Если сравнить старославянские переводные тексты с переводными же, но сделанными на Руси, легко заметить, что в старославянском языке страшити(ся) употребляется часто, а вот на Руси этому глаголу предпочитают другой — боятися или полошитися. Моральное, а следовательно, и несколько отвлеченное чувство страха выступает все же похожим на внутреннюю совесть. Это не простая боязнь физического удара. Страшити — припугнуть, не больше, а вот заставить человека бояться — много жестче. Душа или дух страшатся, угроза же болью, страдание тела вызывается боязнью.

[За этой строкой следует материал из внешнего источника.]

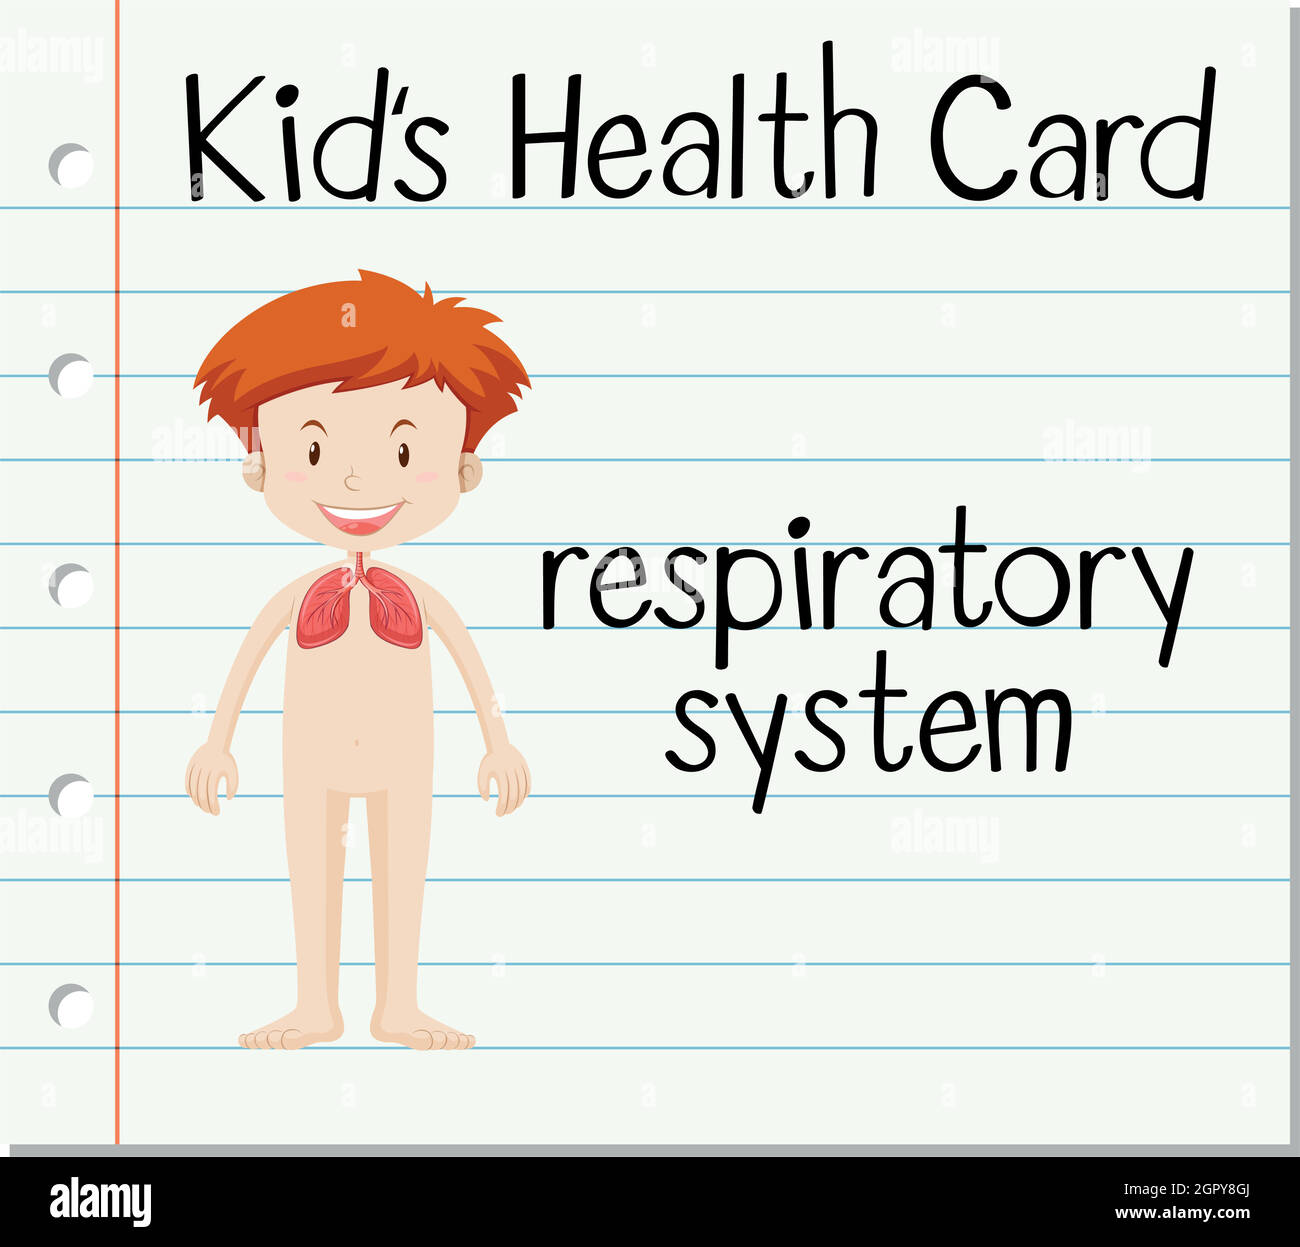 Health card with respiratory system Stock Vector

Душа как проявление нового для язычников представления о духе — одновременно и субъект, и объект действия страха, поэтому в дальнейшем развитии смысла слова происходит расслоение функций действия: мысленно страх отчуждается от устрашающего, отдаляется как бы в безраздельное ощущение переживающего этот страх. Доказать это легко на примере форм прилагательного. «Страшивъ мужь страшивы мысли имат» (Пчела) — новый суффикс оформляет значение объекта страха: страшивъ — ‘труслив’. Форма же страшенъ — сохраняет в своем значении качество за субъектом действия: тот, кто вызывает страх. Нравственное содержание качества страшенъ от частого употребления в самых разных условиях и оборотах постепенно невероятно расширилось: это и просто ‘страшный’, и ‘великий’, и ‘тяжкий’, и ‘сильный’, и даже ’изумительный’. В «Житии Александра Невского» «и услыша шумъ страшенъ по морю» (3) — вряд ли только ‘ужасный’, все-таки тоже и ‘сильный’ шум. Окончательно эти вторичные значения слова уточняются к XV в., когда разница между страшный и страшивый была осознана уже окончательно и бесповоротно.

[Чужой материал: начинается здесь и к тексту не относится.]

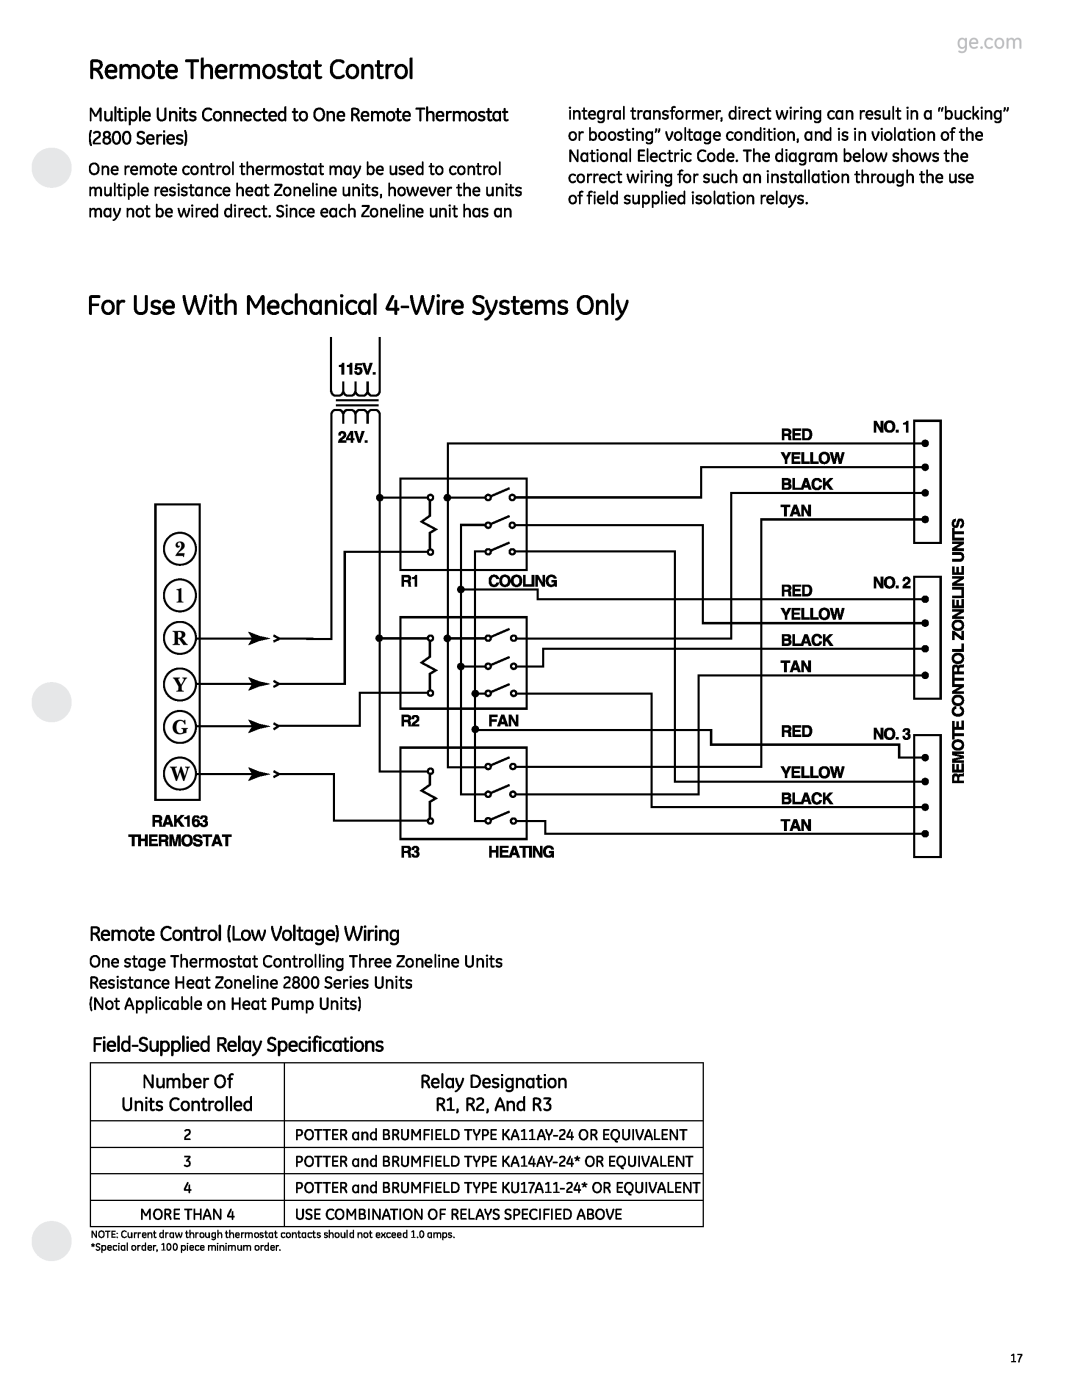 GE 2800 For Use With Mechanical 4-WireSystems Only, Remote Control Low Voltage Wiring, Field-SuppliedRelay Specifications

У глаголов подобный разлом смысла на «субъектное» и «объектное» со-значение выявить сложнее, но на выручку приходят грамматические различия в формах: страшить и страшиться. Имя существительное такому раздвоению не поддается: страх есть страх, он страшен обоим: и субъекту, и объекту страха. Видимо, по этой причине страх как бы возносится над ними обоими, воспаряет как понятие отвлеченное и в конце концов обобщается в качестве общего всем свойства; страх становится основным словом для выражения данного чувства. В современном литературном языке это гипероним родового смысла.